(Adapted from the book Genre of Power: Police Report Writers and Readers in the Justice System)
This post was written by member Leslie Seawright. This is the second of two parts. You can read the first part here.
Prior to my research efforts at the Jackson Police Department,[i] I had always heard that police could not write, that police reports were worthless documents, and that no one should ever trust what a cop wrote down. It was also well known in my academic and social circles that police reports were not allowed in court because of how poorly they were written (a misnomer). My initial research into police writing revealed similar sentiments. Prosecutors, police chiefs, defense attorneys, and even officers all complained to me about how poorly police reports are written. I heard this anecdotally in casual conversations and in formal interviews with police chiefs, prosecutors, and defense attorneys. The mountain of texts dedicated to improving officer report writing skills demonstrates the problems associated with report writing. Names like How to Really Really Write those Boring Police Reports, Plain English for Cops, Painless Police Report Writing, and my favorite, The Best Police Report Writing Book with Samples: Written for Police by Police, This is not an English Lesson, say a lot about how reports are viewed by officers and superiors. Report writing is seen as boring, difficult, convoluted, painful, and overly concerned with grammar. The manuals typical solutions are templates and simplified demands to include the Who, What, When, Where, How, and Why of every encounter. They largely avoid the context of police writing as a rhetorical situation fraught with complicated audience needs and multiple, often conflicting, purposes.
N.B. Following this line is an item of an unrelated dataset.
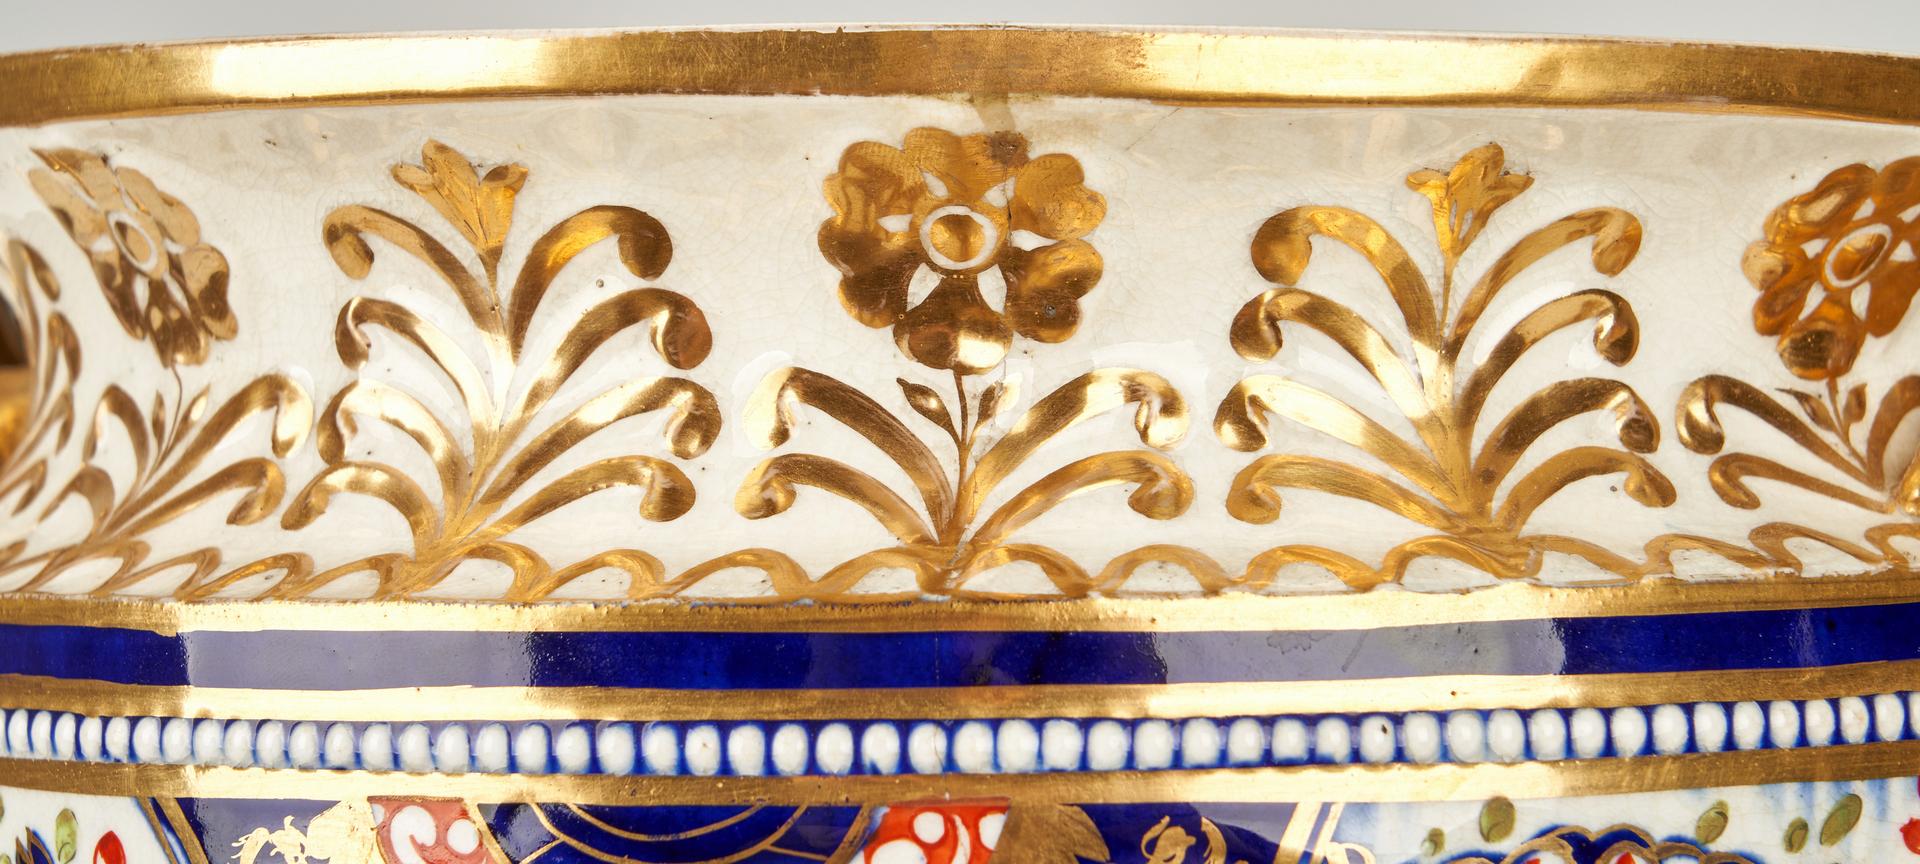 Lot 264: English Imari Porcelain Tureen

It became clear after reviewing police academy materials and sitting in two different report-training sessions that report writing was always discussed from a deficit model. Police cadets were instructed on how to write a coherent paragraph and use the correct word for a specific meaning. They were also instructed on how to organize the report, detailing the events chronologically. However, the majority of the police academy training I researched was spent on ground-fighting tactics, shooting practice, crime-scene investigation, and multiple-choice test preparation. At the police academy in Arkansas, only 8 hours out of 430 were devoted to report writing (Seawright).
When I asked officers, lawyers, supervisors and others what made a police report a “poor report,” the answers varied wildly. Officers seemed to think that poor grammar created poor reports. Supervisors and chiefs complained about a lack of professionalism in reports. Stephen Mathes, the police chief at Jackson Police Department, complained that “basic grammar” just was not present in police reports. He noted,
We are not just taking a raw recruit and trying to teach them law and police tactics but basic grammar in some instances. . . . [I]f a defense attorney picked up a report that was poorly written they are automatically going to say, here is a person I can attack. I can attack credibility.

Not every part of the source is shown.